There should be no exemptions from laws for “sincerely held religious beliefs.” Do we give exemptions for sincerely held racist beliefs? If your neighbor sincerely believes that Blacks and Hispanics are inferior to Whites, should he or she be able to deny employment to Blacks and Hispanics? Our laws and courts don’t reward delusional racist beliefs. Nor should they. Nor should our courts recognize and reward delusional religious beliefs.

The hatred against transsexuals being demonstrated in Texas, Florida and other states is entirely based on religious delusions. Our courts are granting special treatment to people who claim to have religious delusions. The courts aren’t even asking for evidence of sincerity as they did for conscientious objectors to the draft in the 1960s and ’70s.  They are accepting sincerity purely on the claim. Why the special treatment for religion?
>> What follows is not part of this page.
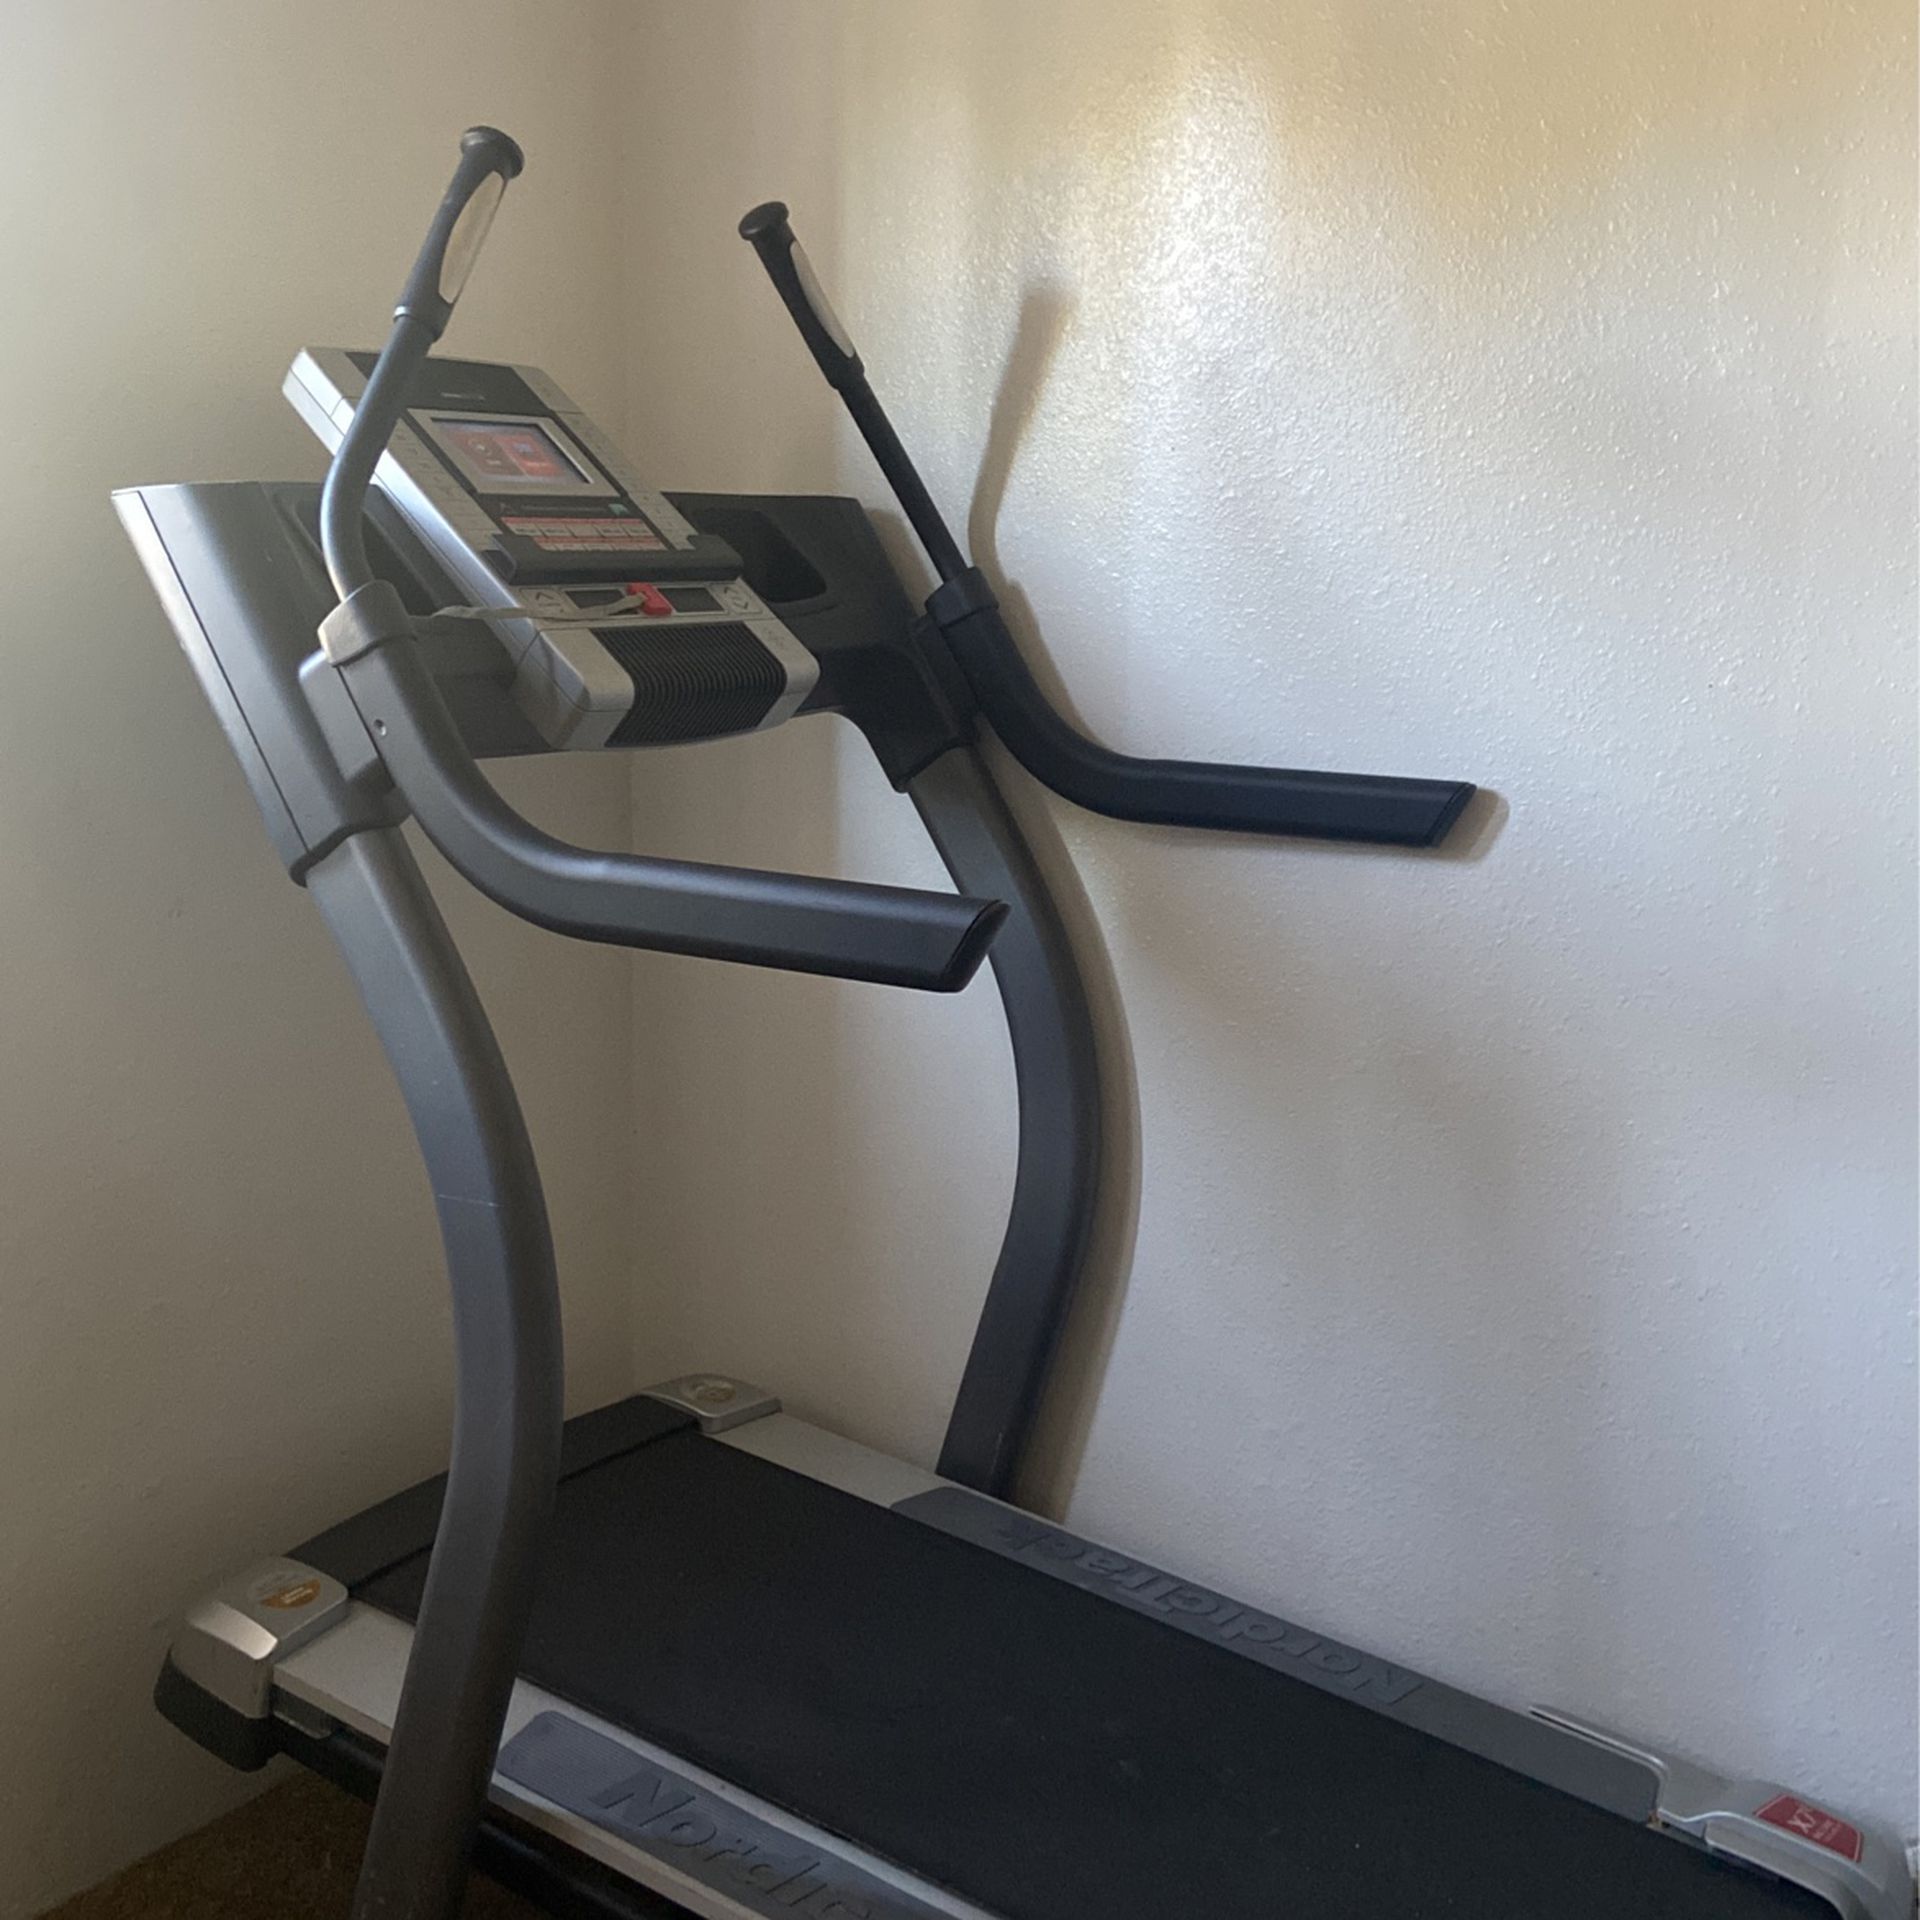 Treadmill- $100

Increasingly, victims of religious indoctrination like Abbott and DeSantis are proposing and signing into law persecution of transsexual teenagers — teenagers! — based on their abusive indoctrination. We must not let this stand. Where will this end? What other laws can we expect them to enact based on their religious delusions? What other group of children or minorities can we expect them to bully and persecute based on their religious delusions?

We must vote out these degenerate victimizers. We must reject their religious fantasies. We should value honesty and truth over wishful thinking and religious delusion-inspired bigotry. Yes, we should declare war on religion, which will certainly provoke Fox “News” and other broadcasters. But, we have the evidence of a longstanding conspiracy and tradition of abuse that they cannot honestly defend.

Jim Curtis is an FFRF member who lives in Texas.